Thinking about this some more, I dislike that idea. We should instead remove this whole ssh key deployment functionality everywhere where it is not absolutely required (AWS) and let users pass in their ssh key via the machineSpec if they so chose.

Allowing to pass a ssh key via flag is just an incentive to not put the key in the place it belongs, the machineSpec.

[mrIncompetent]

Pro:

• We can get rid of ssh key handling code in all providers - except aws

Cons:

• We would need to extend the key handling code in AWS
  • Check if any of the specified ssh keys exists in the account
  • If none of the specified keys exists, we would need to create it -> which one and which name to take?
• Different behavior on the different cloud-providers -> bad user-experience
• We would introduce a hard coupling of the sshPublicKeys property and the cloud-provider

[alvaroaleman]

No, leave the code for AWS as-is, only remove the handling from the other cloud providers.

[mrIncompetent]

So we maintain the initial creation of the ssh-key + secret but we simply ignore it for everyone except AWS? I'm pretty sure this will create the most confusion - as users now see a secret containing a ssh key secret in their cluster although it'll never get used

[alvaroaleman]

I don't think so, the machine-controller itself is cloud-agnostic, it doesn't have a flag --cloud-provider=<my-cloud-provider> thus it has to do everything that any of the supported clouds may need.

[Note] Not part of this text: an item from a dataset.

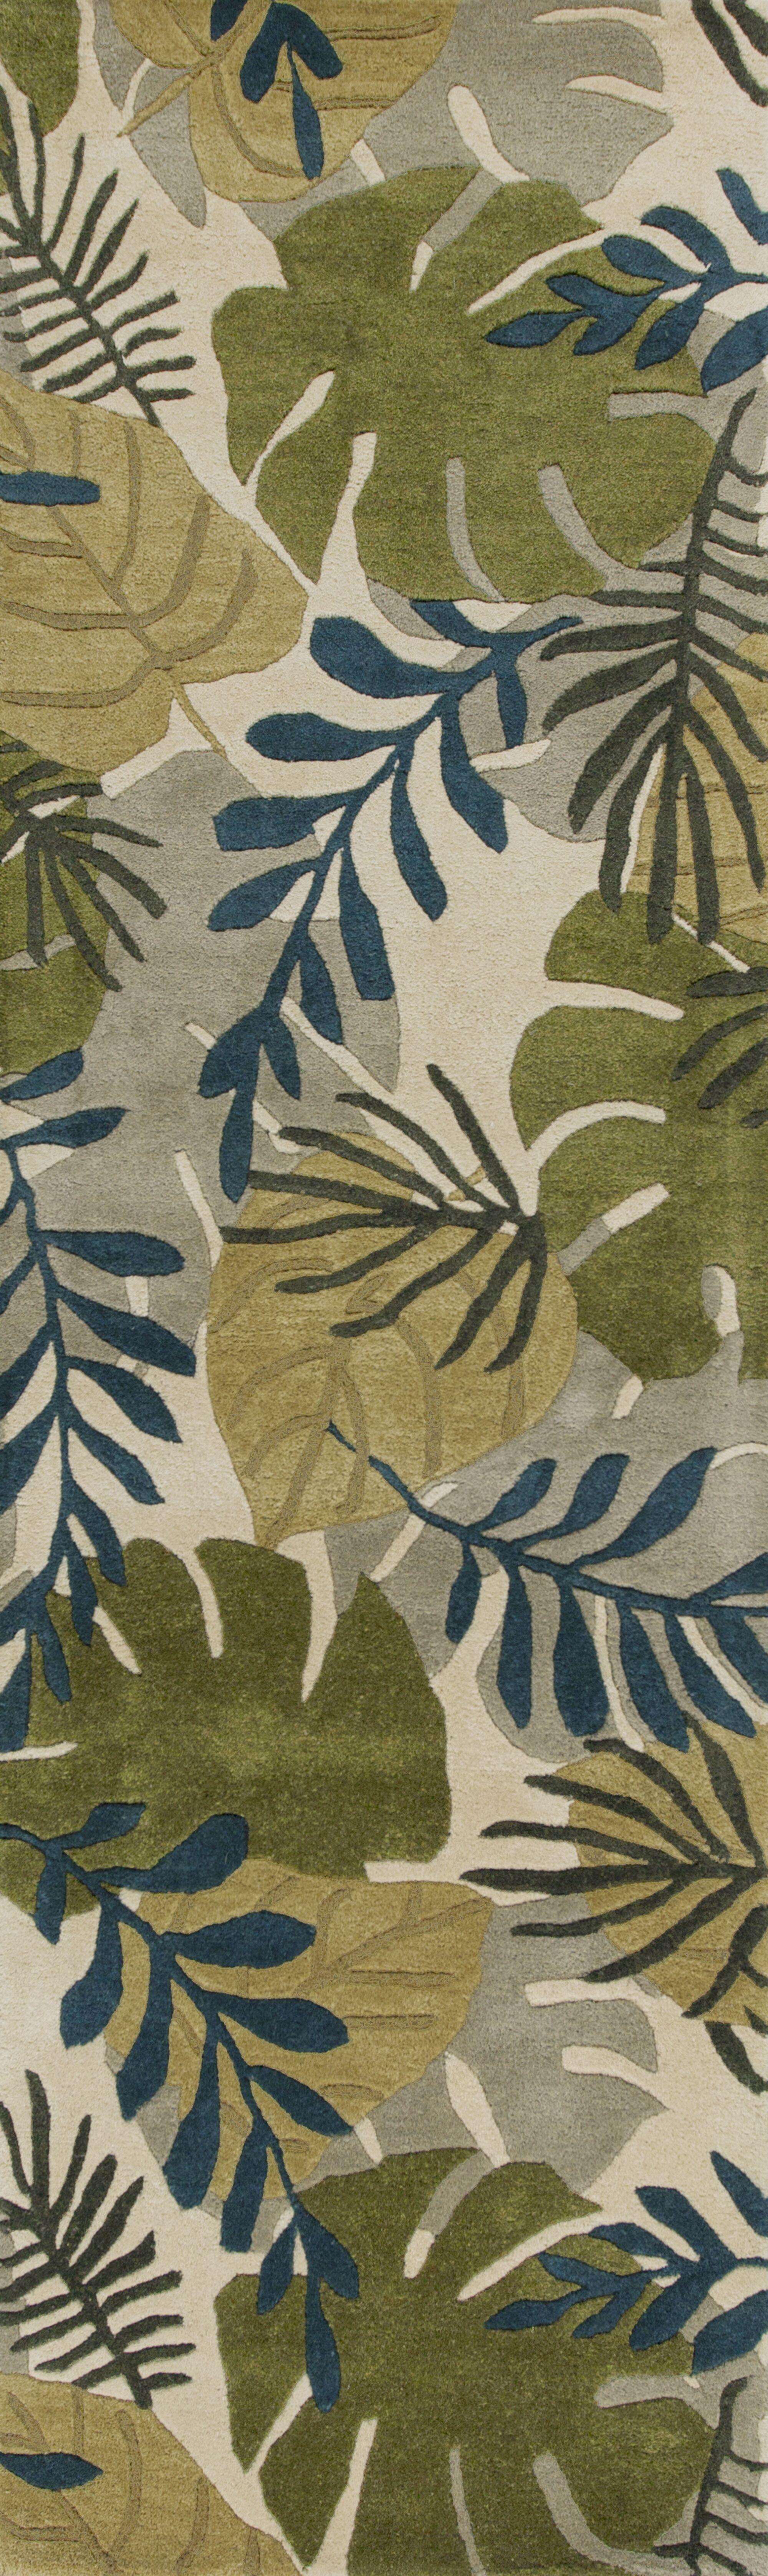 Imala Hand-Tufted Leaves Ivory Wool Area Rug Rug Size: Runner 2'3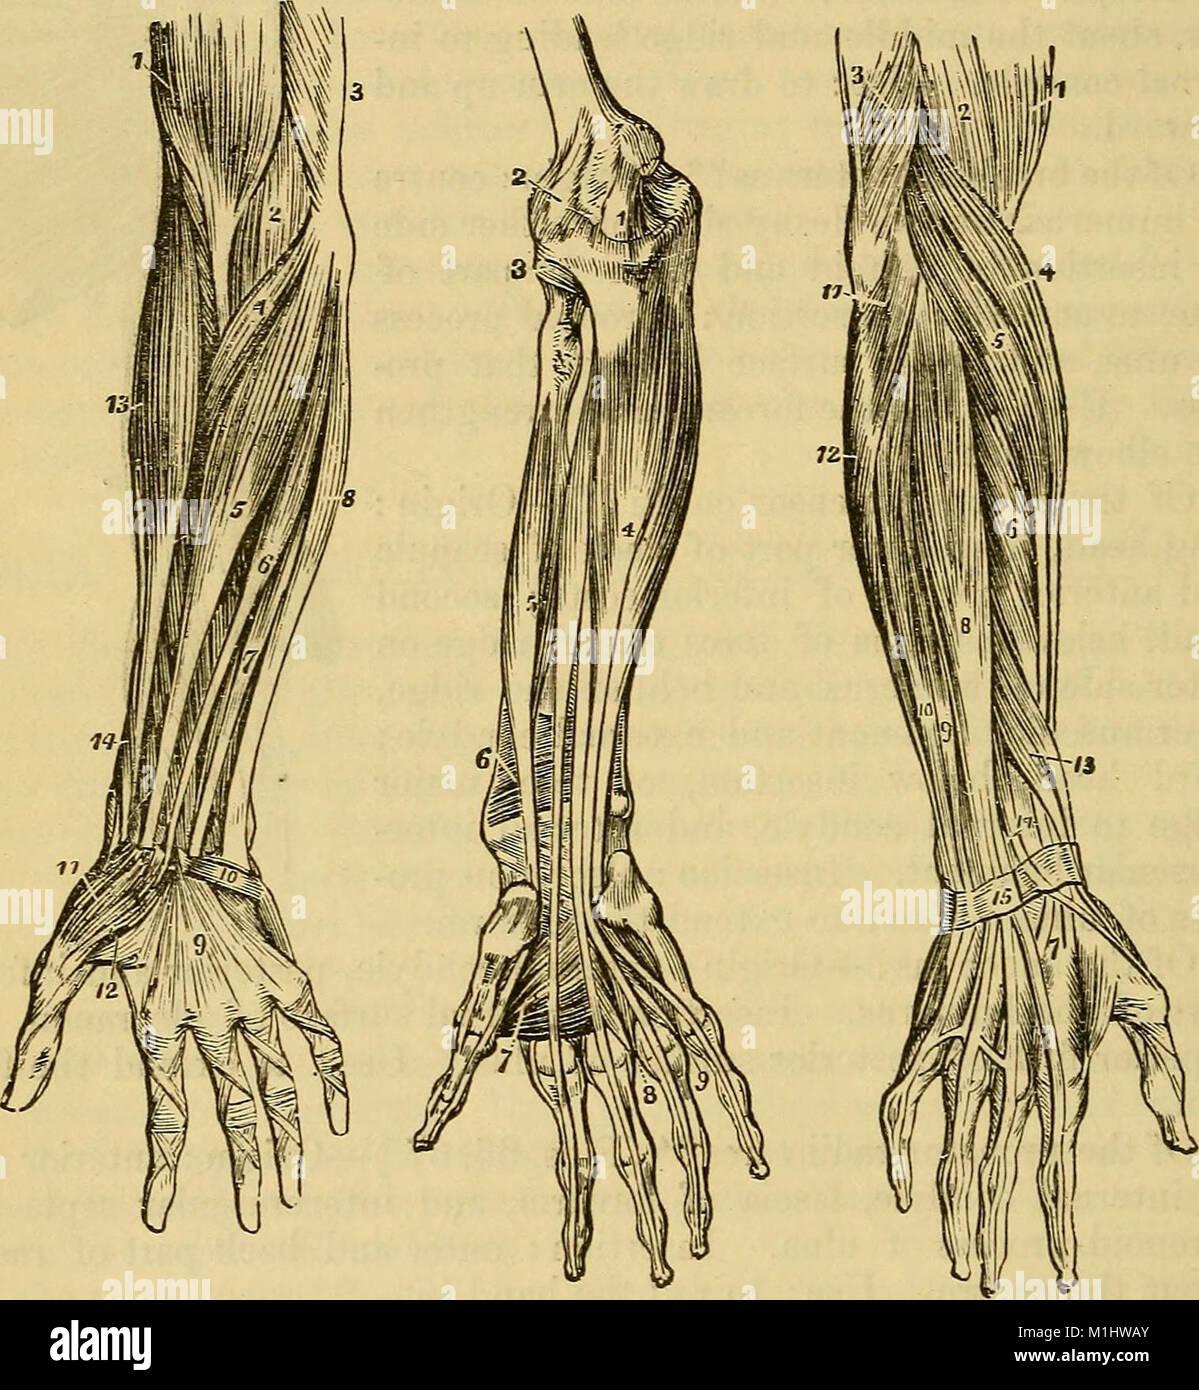 History Of Anatomy Stock Photos & History Of Anatomy Stock Images ...

We can just add a note in the Readme why this is needed and also add a comment in the code. I find this much less confusing than creating a ssh key for every cloud provider just because AWS needs it.

[mrIncompetent]

Need to check if the ssh key is still necessary

[mrIncompetent]

Digitalocean requires us to specify an ssh key. Otherwise the api will respond with: The image for this droplet does not use root passwords, please use an SSH key.

AWS, Openstack & Hetzner don't require a SSH key to be specified.

A just had a new idea: Why not creating a random ssh key during the Digitalocean droplet creation & after successfully creating the droplet, we delete the key?

[alvaroaleman]

That good Sir is an awesome idea.

On Wed, Feb 28, 2018 at 6:44 PM, Henrik Schmidt notifications@github.com wrote:

Digitalocean requires us to specify an ssh key. Otherwise the api will respond with: The image for this droplet does not use root passwords, please use an SSH key.

AWS, Openstack & Hetzner don't require a SSH key to be specified.

A just had a new idea: Why not creating a random ssh key during the Digitalocean droplet creation & after successfully creating the droplet, we delete the key?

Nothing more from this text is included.